Member of the British Columbia Legislative Assembly for Vancouver-Little Mountain
- In office December 11, 1975 – May 5, 1983 Serving with Grace McCarthy
- Preceded by: Roy Thomas Cummings Phyllis Florence Young
- Succeeded by: Doug Mowat

Member of the British Columbia Legislative Assembly for Vancouver Centre
- In office September 12, 1966 – August 30, 1972 Serving with Herb Capozzi
- Preceded by: Leslie Raymond Peterson Alexander Small Matthew
- Succeeded by: Gary Vernon Lauk Emery Oakland Barnes

Personal details
- Born: Evan Maurice Wolfe November 5, 1922 Edmonton, Alberta
- Died: May 1, 2009 (aged 86) Vancouver, British Columbia
- Party: Social Credit

= Evan Maurice Wolfe =

Canadian politician

Evan Maurice Wolfe (November 5, 1922 – May 1, 2009) was a car dealer and political figure in British Columbia. He represented Vancouver Centre from 1966 to 1972 and Vancouver-Little Mountain from 1975 to 1983 in the Legislative Assembly of British Columbia as a Social Credit member.

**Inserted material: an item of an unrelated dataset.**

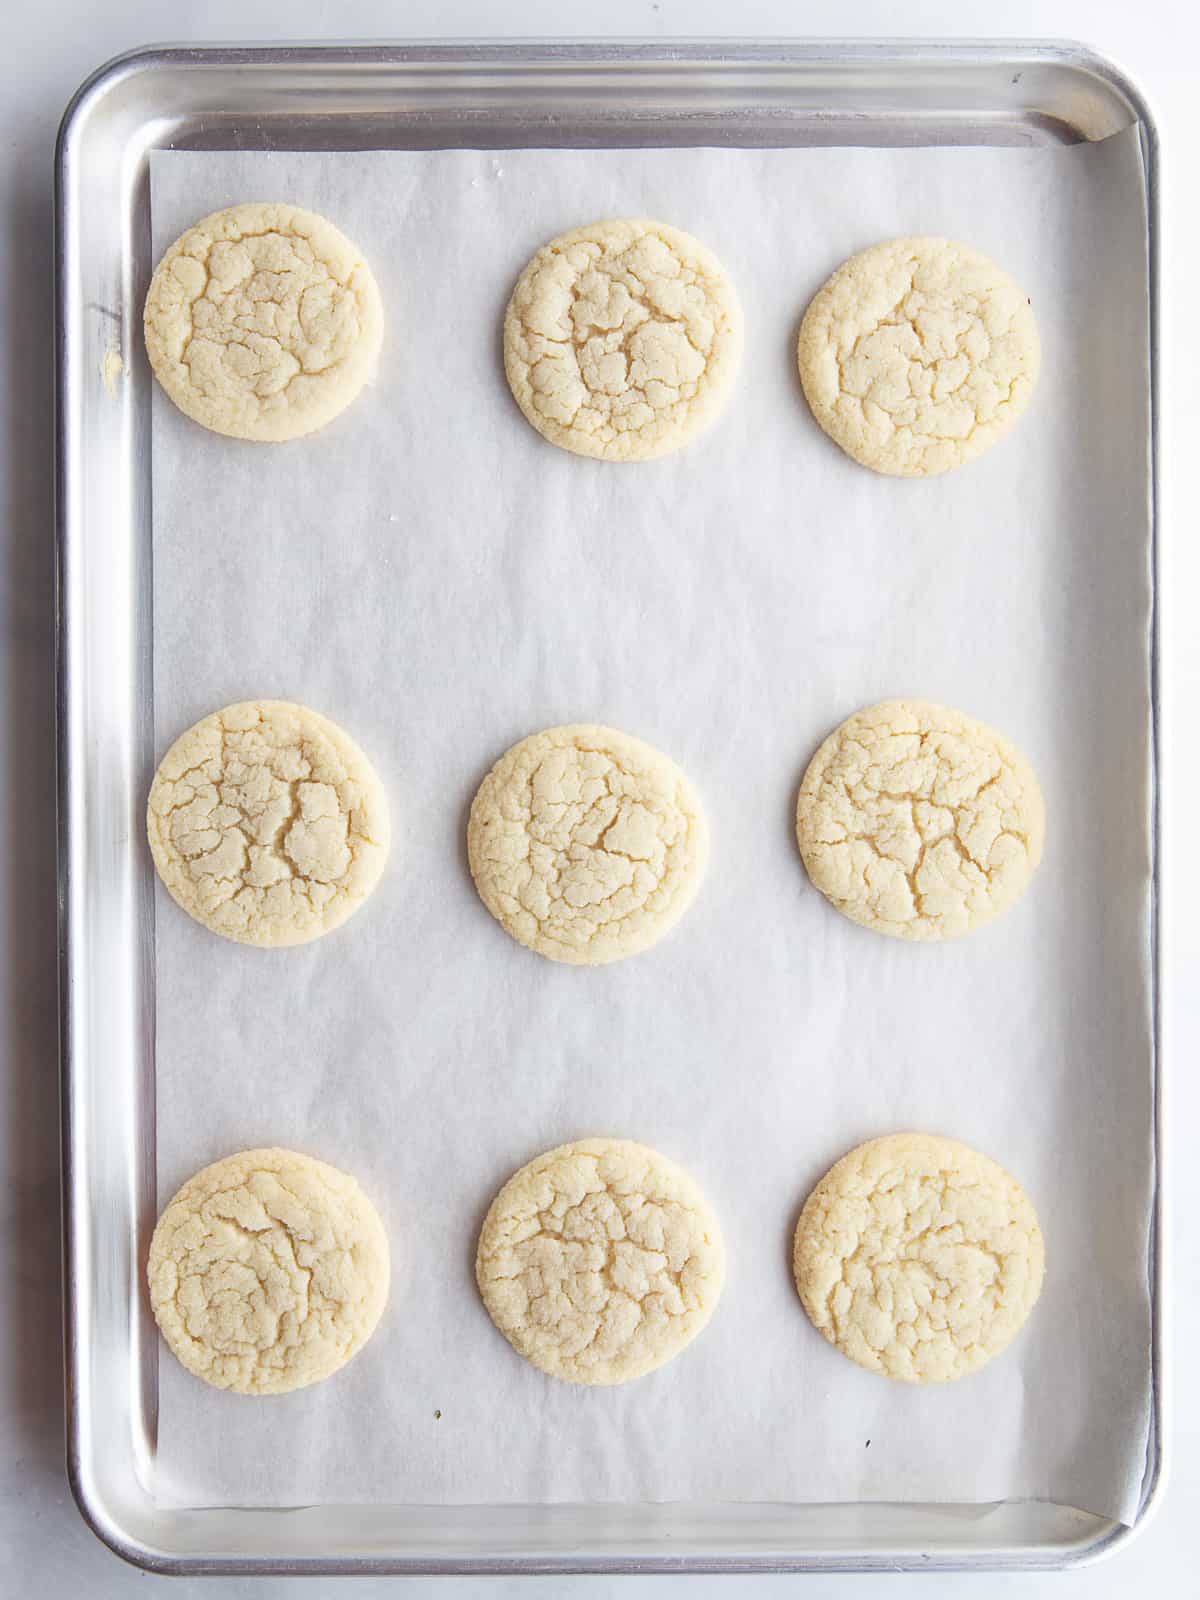 Baked gluten-free sugar cookies on a baking sheet.

He was born in Edmonton, Alberta, the son of Frank J. Wolfe, and was educated at the University of Alberta. He served in the Royal Canadian Air Force during World War II. In 1945, Wolfe married Phyllis Jeanne. He was defeated when he ran for reelection to the assembly in 1972. Wolfe served in the provincial cabinet as Minister of Finance, Minister of Deregulation, and as Provincial Secretary and Minister of Government Services. He died in 2009.

Wolfe also curled, and represented British Columbia at the 1959 Macdonald Brier.